Australian producers to keep prosecco, feta and parmesan as European Union trade deal doomed

by MaleficentParfait863

8 comments
  1. Article:

    – **A massive trade deal with the European Union looks doomed as negotiations break down**

    – **Trade Minister Don Farrell plans to walk away from the talks in Osaka due to an unsatisfactory offer**

    – **Despite the potential benefits, disagreements persist over market access for Australian products and naming rights**

    A massive trade deal with the European Union appears all but doomed after “endgame” negotiations between the two sides collapsed before they even began.

    Trade Minister Don Farrell was due to hold talks with his EU counterpart in Osaka on Monday but told negotiators he was walking away from the deal — for the second time in three months — because the offer on the table is still not good enough.

    “I came to Osaka with the intention to finalise a trade agreement with the European Union,” he said.

    “Unfortunately, we’ve not been able to make progress.

    “Negotiations will continue and I’m hopeful that one day we’ll be able to sign a deal that benefits both Australia and our European friends.”

    The EU is a massive, high-income trading bloc of 445 million people and is one of the few markets with whom Australia currently has no free trade deal.

    As a result, the EU imposes strict quotas and high tariffs on Australian agricultural imports which negotiators have been trying to remove or, at the very least, substantially reduce.
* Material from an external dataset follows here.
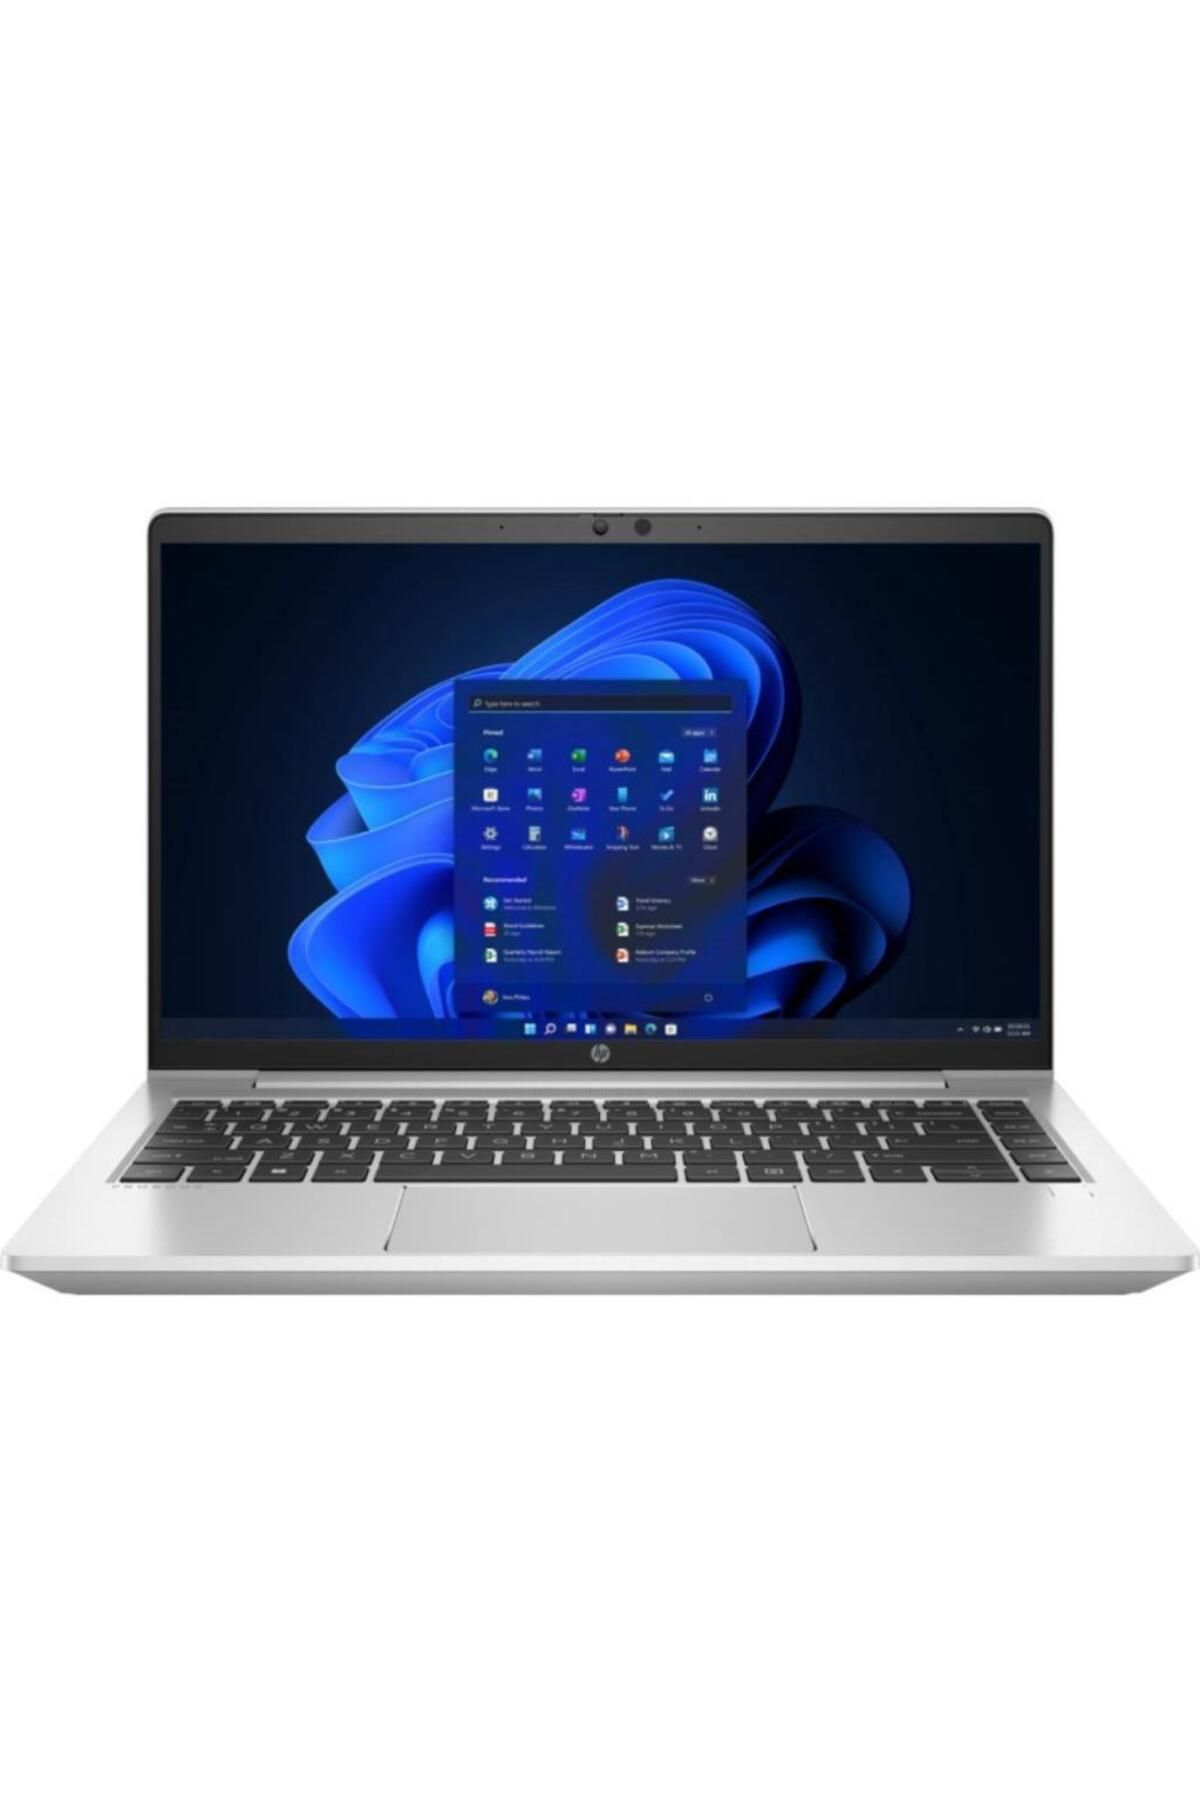 HP Probook 440 G8 32m52ea I5-1135g7 8 Gb 256 Gb Ssd 14" Free Dos Dizüstü Bilgisayar

    In a statement, EU Ambassador to Australia, Gabriele Visentin, “regretted” the lack of progress made in Osaka, saying “there was optimism that a deal was within reach”.

    “Our negotiating teams made good progress over the recent weeks, including in the days leading up to the Osaka meeting,” the Ambassador said.

    “The European Commission stands ready to continue negotiations.”

    Five years after talks began, Australian farmers say the existing offer is a “dud”, arguing it barely improves market access for sugar, red meat and dairy and would, in fact, impose conditions or European-mandated restrictions on local farming practices.

    The other major sticking point has been EU demands for Australia to give up naming rights to hundreds of products – including prosecco, parmesan and feta – to protect so-called “geographical indications”.

    Talks have been deadlocked since July when Senator Farrell walked away from Brussels empty-handed, but he was holding out some hope that European negotiators would come to Osaka with an improved offer.

    However, Agriculture Minister Murray Watt said the European side had “not budged significantly” since then and expressed frustration about its notoriously protectionist market for agriculture.

    “They have not been prepared to put on the table a significantly better offer than what they’ve offered before,” he said.

  2. Sounds like a protectionist market in EU which denies the lower income consumer access to reasonable prices. I am no economist but detected financial frauds for 15 years. Something stinks here.

  3. “Anglos” complain about intellectual property theft when it comes to china but have no problem appropriating agricultural products, just stick to your vegemite and bleached poultry

  4. “sugar, red meat and dairy” Why would you try to ship this stuff from Australia to the EU, a place as far away as possible on this planet?

    This should be forbidden solely for ecological reasons.

  5. Why does this seem like a negotiating tactic? You generally don’t do a media blitz when something both sides want goes tits up.

  6. As an Australian, believe me, our products which carry the name, are nowhere near as good as their European counterparts. Our Fetta is awful, I never buy it (Greek fetta is infinitely superior), our Parmesan – also kinda shit, I buy the Italian one, and our Prosecco is also not that great.

    You guys should be glad it fell through.

  7. I don’t get why Anglo countries are so focused on making shameless copies of agricultural products. Like, can’t they just name their cheese parmeman or some other single letters changes just so people know it’s not the original stuff? Shamelessly copying whole names and trying to sell it by flooding the market is just scummy. It’s as if EU made some cheap iphone copy with the same logo and so on then flooded US with it. I wonder if the US and other anglo countries would be happy about that. And the only argument is that “its just a food” while iphones are “actual intellectual property as they are advanced.”